Bup: Git based backups - https://github.com/apenwarr/bup

pygy_ · on Nov 22, 2010

In the same vein: Gibak.

http://eigenclass.org/hiki/gibak-backup-system-introduction

http://eigenclass.org/hiki/gibak-0.3.0

https://github.com/pangloss/gibak for an improved fork (last commit in 2008, but still...)

pauldowman · on Nov 22, 2010

Bup looks awesome. All the benefits of rsync plus the ability to do incremental backups.

"Even when a backup is incremental, you don't have to worry about restoring the full backup, then each of the incrementals in turn; an incremental backup acts as if it's a full backup, it just takes less disk space"

.... nice!

silentbicycle · on Nov 22, 2010

Well, sure, git provides an append/log-based distributed hash store. It's probably not what you're looking for, though: It doesn't have a library for efficient in-process access, so you need to spawn a git shell command per operation, with somewhat opinionated semantics. It's also GPL'd.

It's good for prototyping, though. (And I hear it's good at managing changes for source code!)

WALoeIII · on Nov 22, 2010

"It doesn't have a library for efficient in-process access"

https://github.com/mojombo/grit

timf · on Nov 22, 2010

There is a Python port, too:

http://packages.python.org/GitPython/0.3.1/

( http://gitorious.org/git-python )

pauldowman · on Nov 22, 2010

Yep, GitModel uses Grit.

silentbicycle · on Nov 22, 2010

Ah, via Ruby. RUBY?!??! Ah. Delightful.

YECCH

So, uh, can't we just make an efficient, well-designed, C library for accessing those data structures, write BSD-licensed wrappers as consenting adults, and get on with our lives? I'm speechless.

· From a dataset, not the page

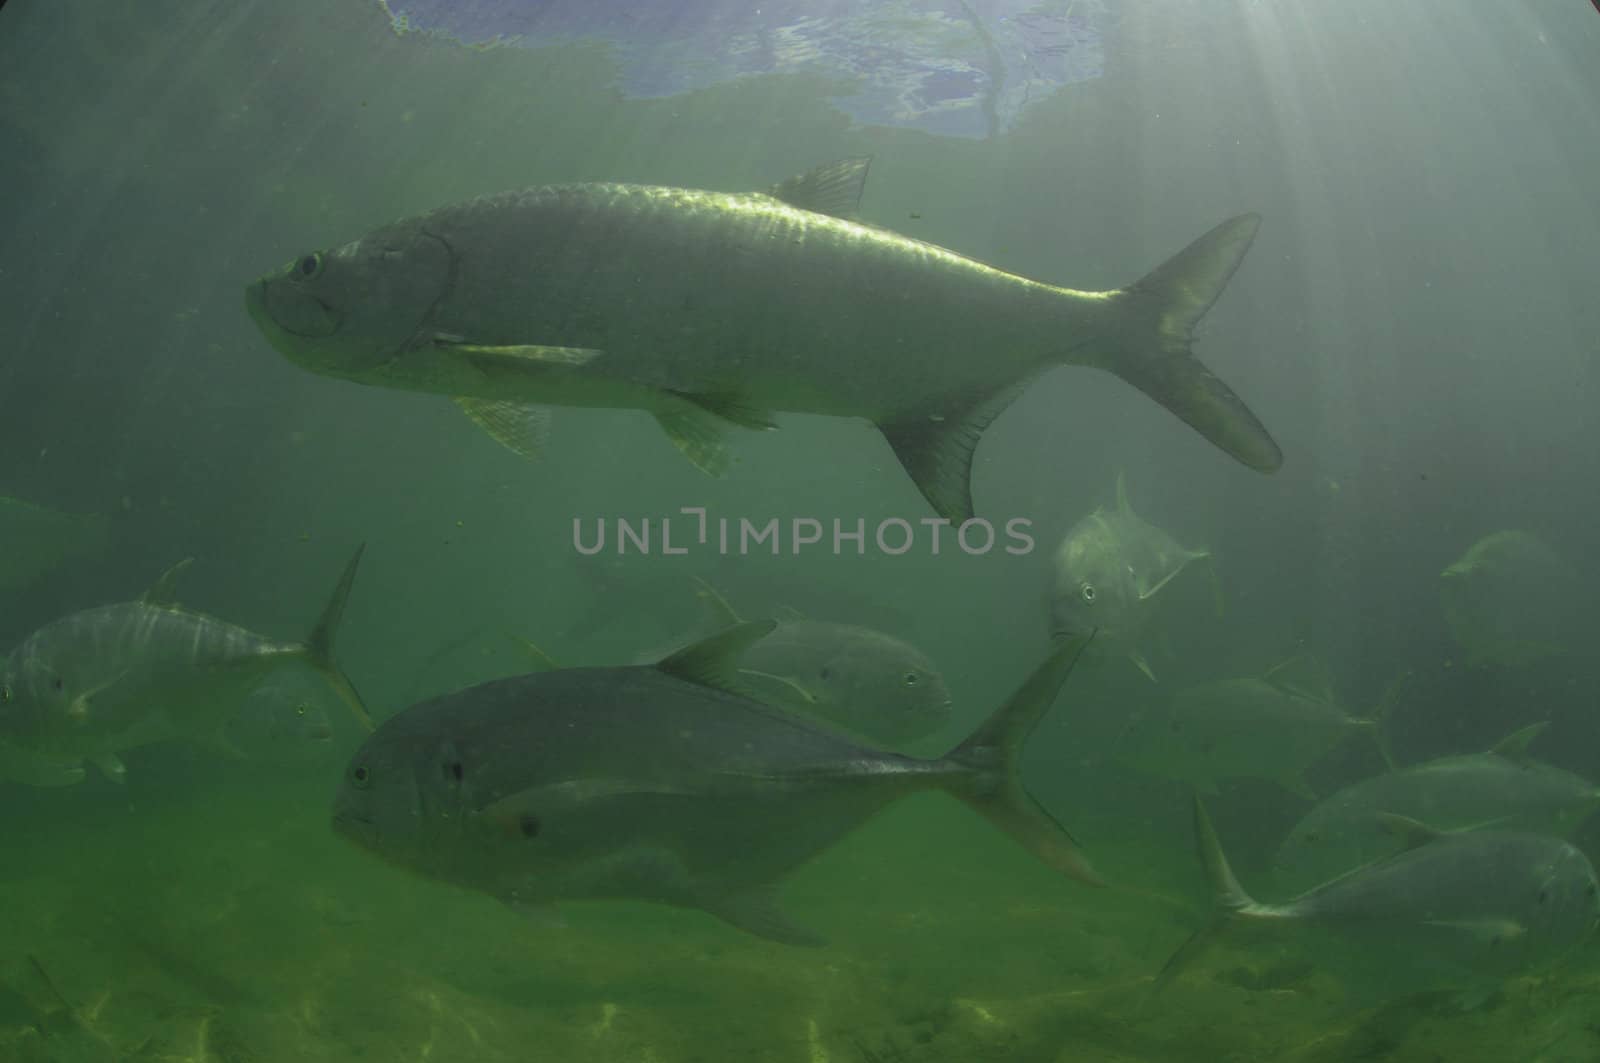 Tarpon fish and Jack fish swimming underwater in the Atlantic Oc by ftlaudgirl

Is writing an append-only log data-structure system really that hard? Ok, then.

holman · on Nov 22, 2010

We use Grit extensively all over GitHub. It works quite well. I've yet to have a seizure from it.

At the same time, we're also funding work on libgit2, which is an efficient, well-designed C library for accessing those data structures. There's also wrappers for consenting adults. http://libgit2.github.com

silentbicycle · on Nov 22, 2010

Thanks for your informative response. Are you interested in a Lua wrapper?

pygy_ · on Nov 22, 2010

I would love to see this happening. I could then port gitmodel on top of your lib and get a NoSQL DB, easy to sync with a single user desktop app for the iOS platform (in conjunction with Wax).

silentbicycle · on Nov 22, 2010

I may get to it this weekend. I'll keep you posted.

technoweenie · on Nov 22, 2010

Sure: https://github.com/libgit2/libgit2.

aditya · on Nov 22, 2010

What's stopping you?

silentbicycle · on Nov 22, 2010

Git itself works fine, for my purposes. If I wrote a C library for managing git's data structures, it would basically be out of spite. I may make a Lua wrapper for libgit2, though - it's more what I had in mind (though it's too bad it's GPL'd).

I have a library for managing distributed graphs on top of an append-only log file, but it's got different design trade-offs than git does - It's for a specific C/Lua project, and the semantics of the data don't match git's.

asb · on Nov 24, 2010

libgit2 is GPLed, but importantly also has a libgcc-style exception.

Sirupsen · on Nov 22, 2010

This could be interesting for projects where keeping revisions would be handy, for instance a note-taking or document platform.

rlpb · on Nov 22, 2010

Yes - how about Tomboy/gnote integration?

epynonymous · on Nov 22, 2010

have you done any performance tests? how well does git scale in general for when you have billions of files and versions?

this gives me some ideas, good stuff.

zoomzoom · on Nov 22, 2010

i have seen that these huge deployments of git run into problems, that is why git is less than perfect as a system-wide backup tool.

uriel · on Nov 22, 2010

In a somewhat related note, see also Venti: http://doc.cat-v.org/plan_9/4th_edition/papers/venti/